## [Material provided]
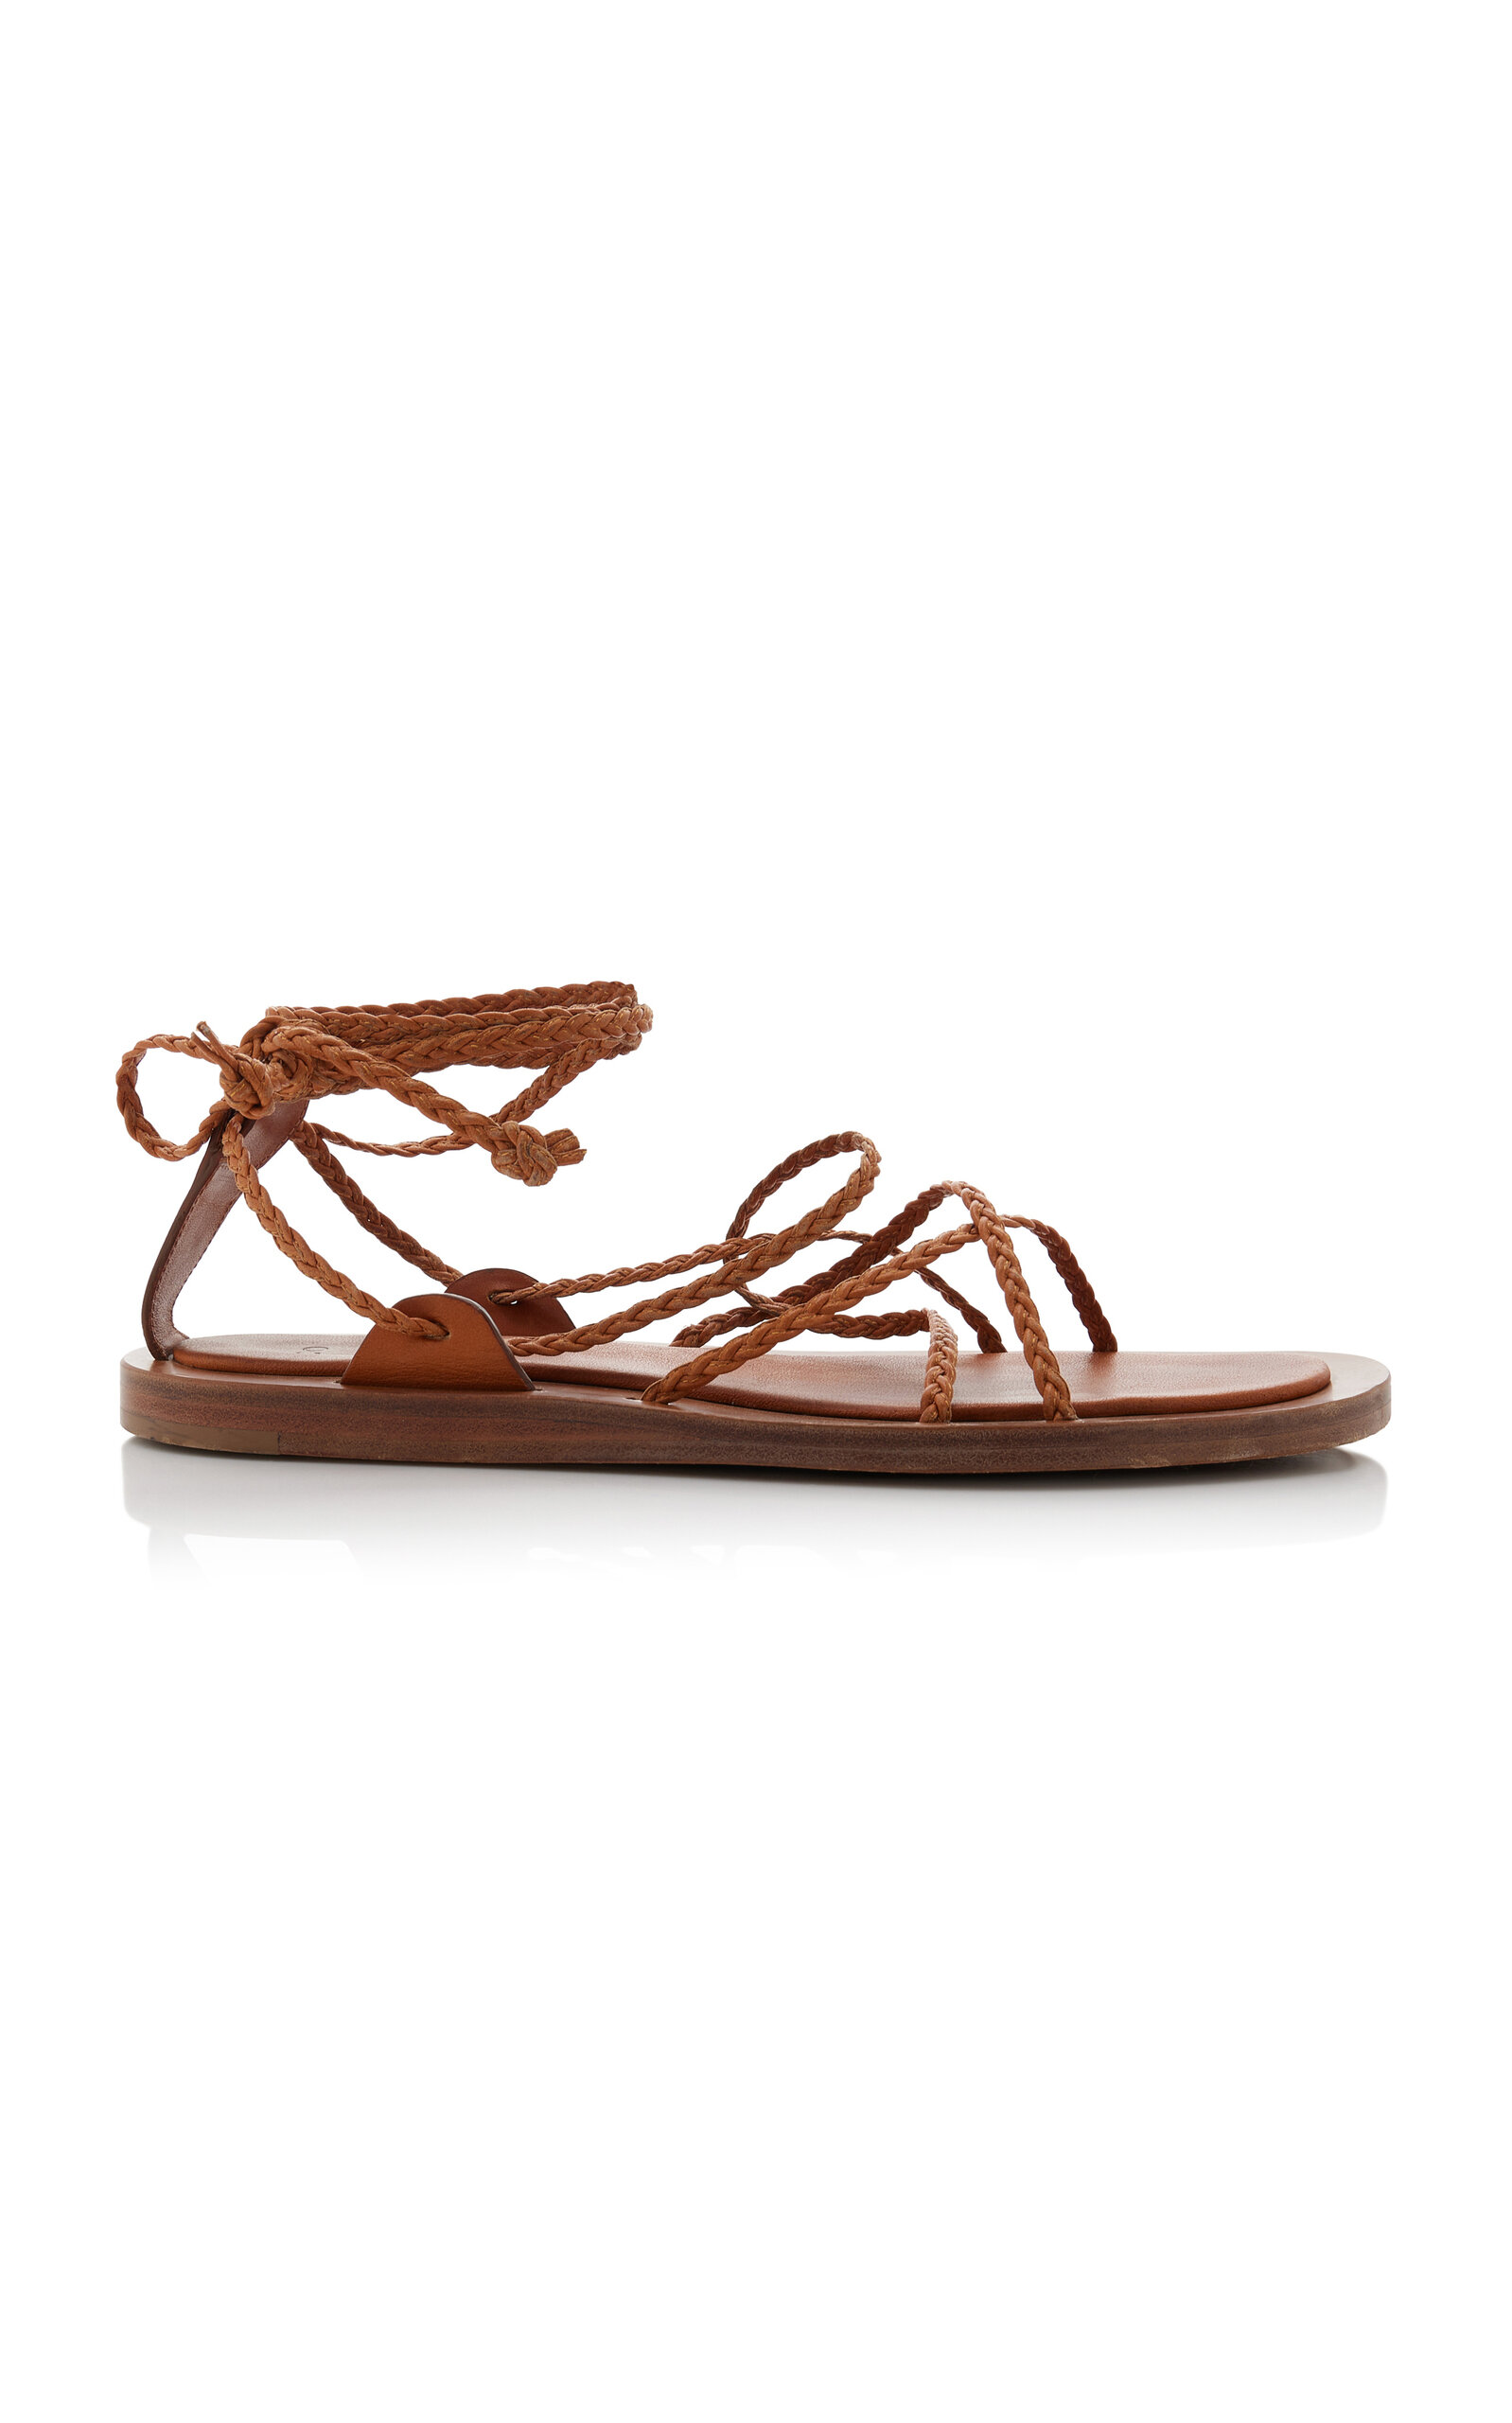 Co Braided Leather Gladiator Sandals In Brown
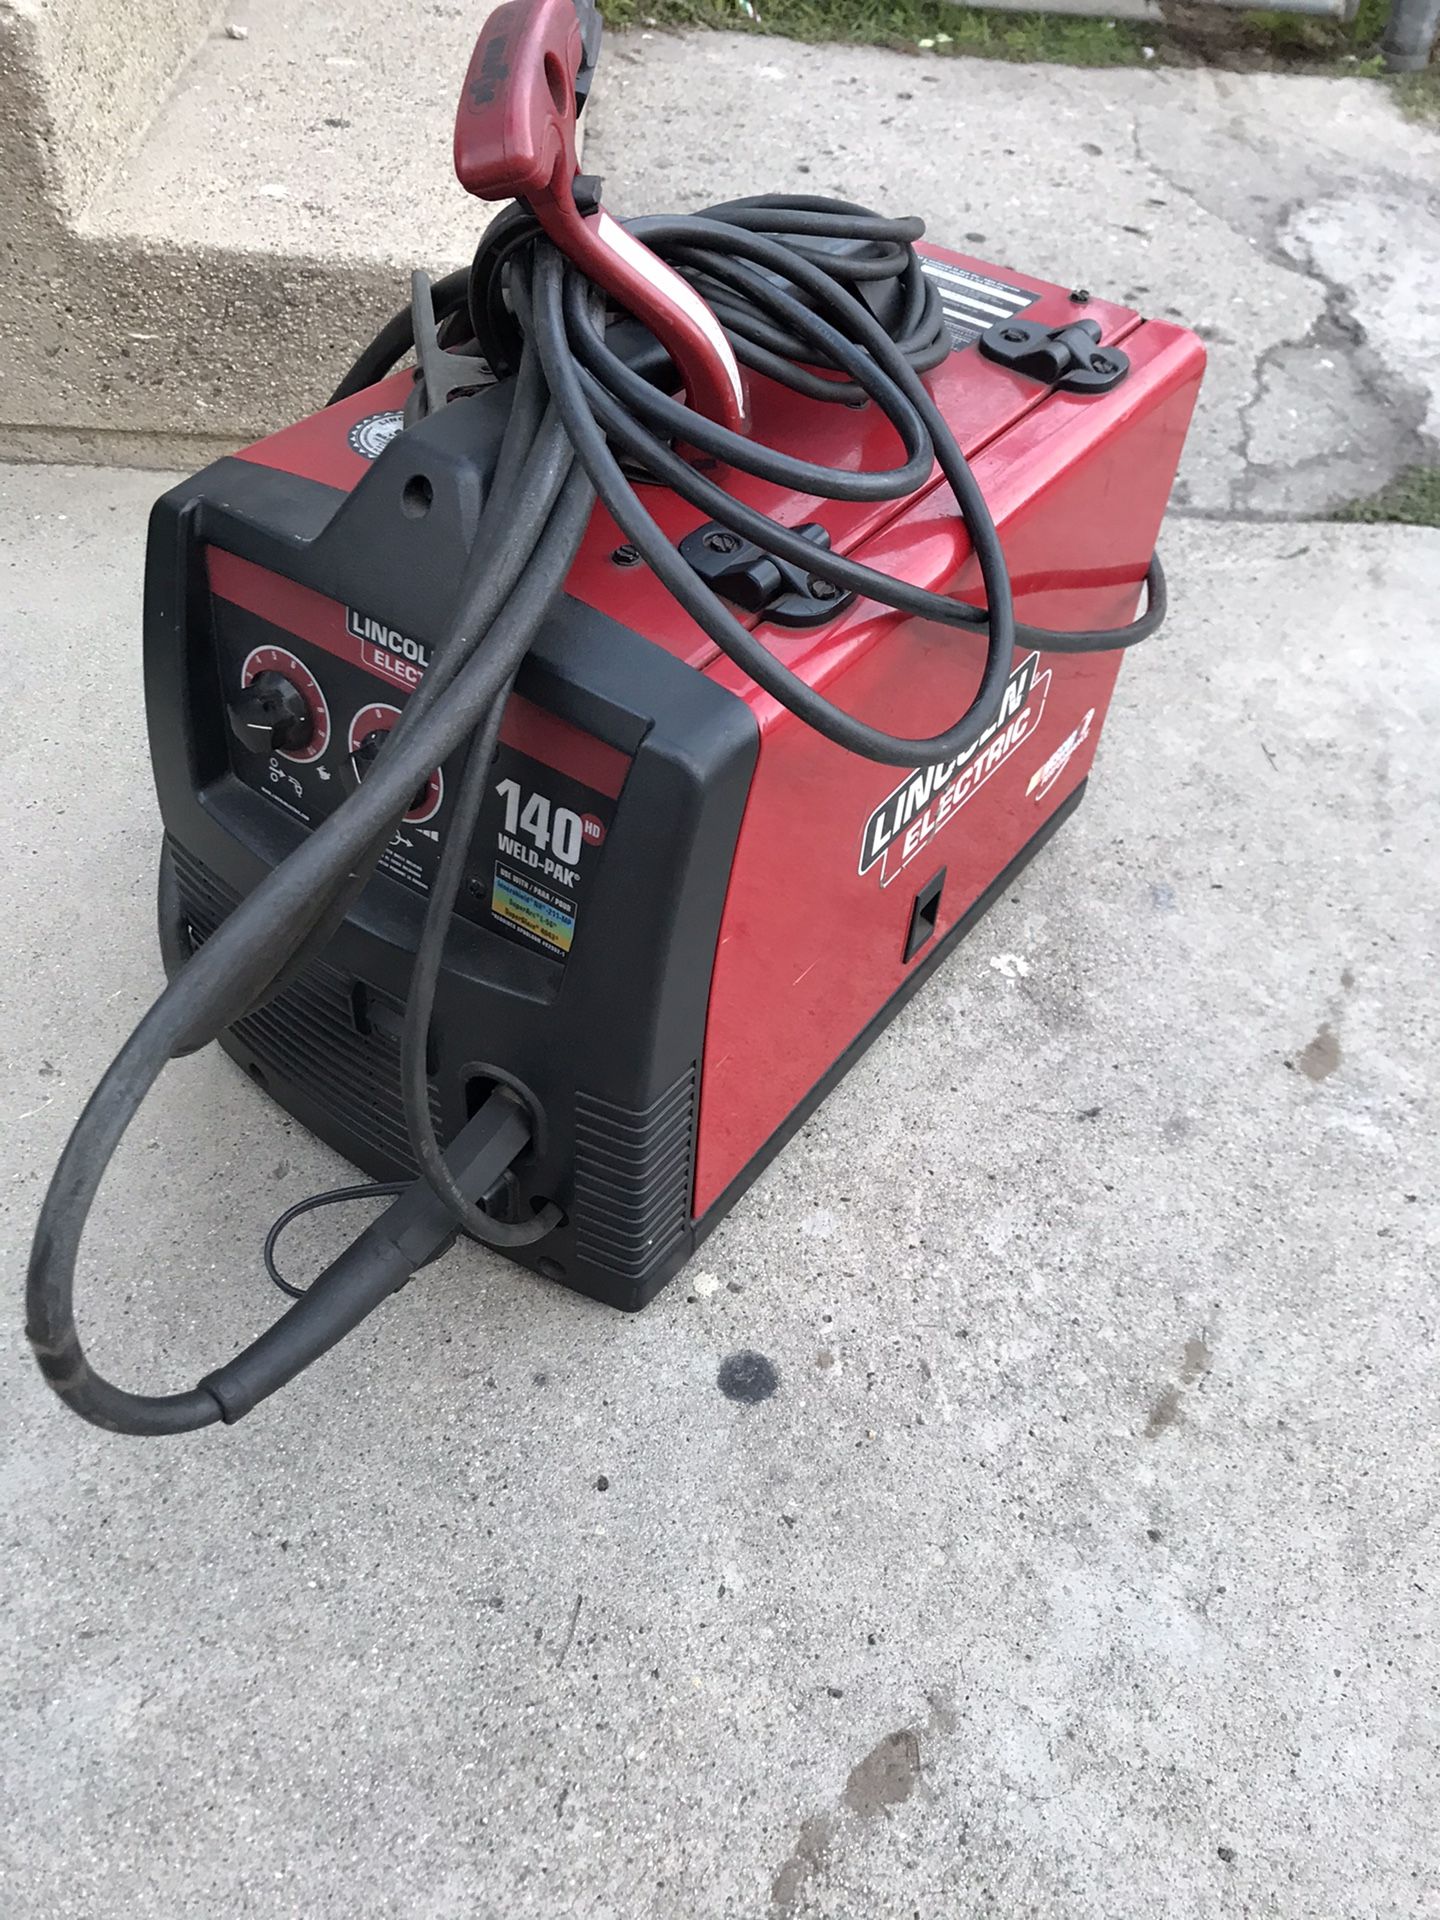 Lincoln 140 hd mig welder 110v in great condition
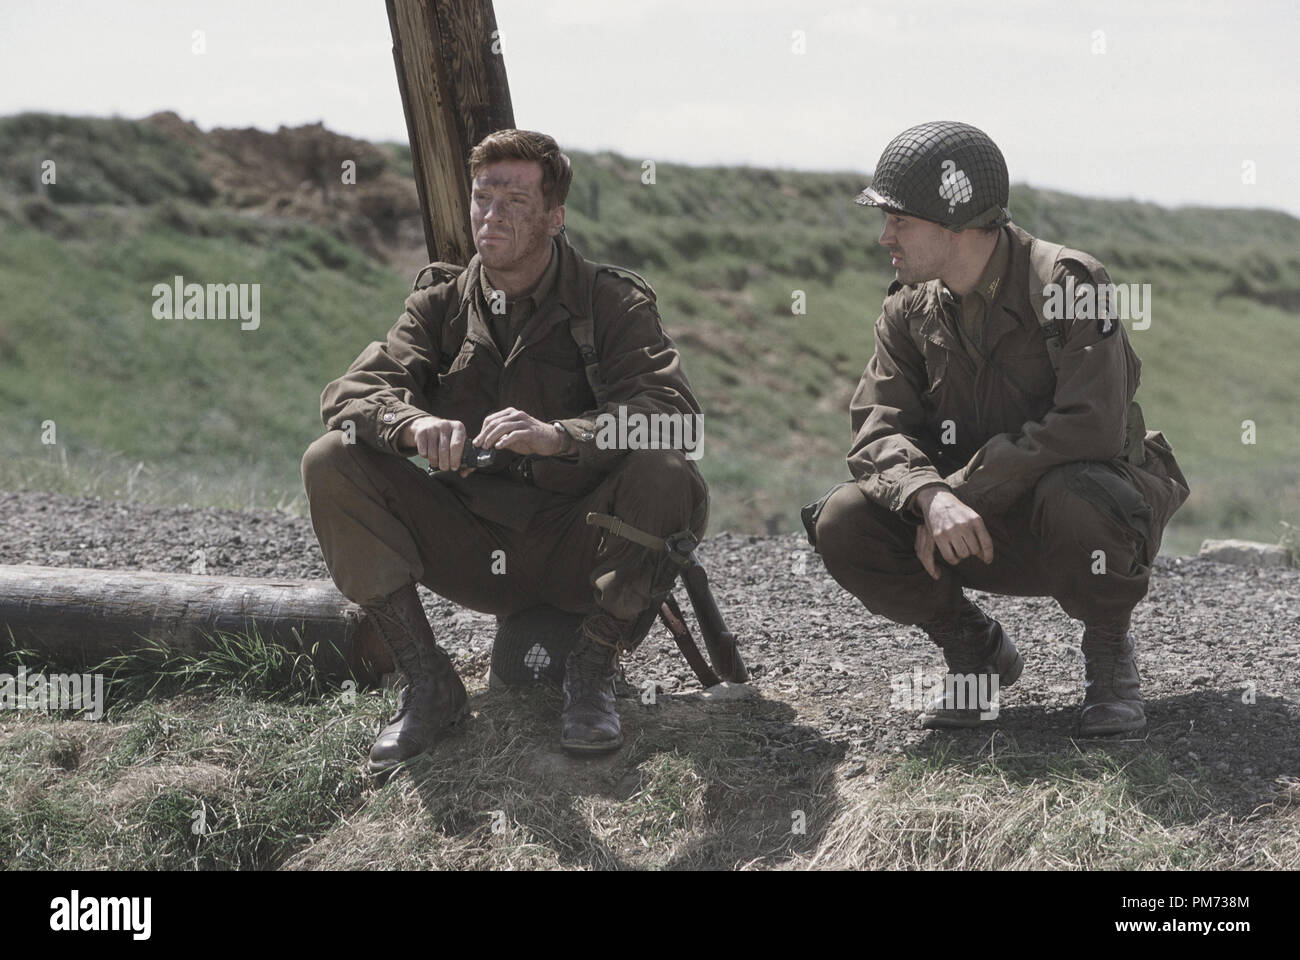 Film Still / Publicity Still from 'Band of Brothers' Damian Lewis, Ron Livingston 2001 Photo credit: David James   File Reference # 308471417THA  For Editorial Use Only -  All Rights Reserved Stock Photo

## [What the task requires]
Transcribe only the lines between the line containing "Lincoln 140 hd" and the final line of the listing, inclusive, exactly as they appear; no pictures are to be included.

## [Task solution]
 Lincoln 140 hd mig welder 110v in great condition
 Film Still / Publicity Still from 'Band of Brothers' Damian Lewis, Ron Livingston 2001 Photo credit: David James   File Reference # 308471417THA  For Editorial Use Only -  All Rights Reserved Stock Photo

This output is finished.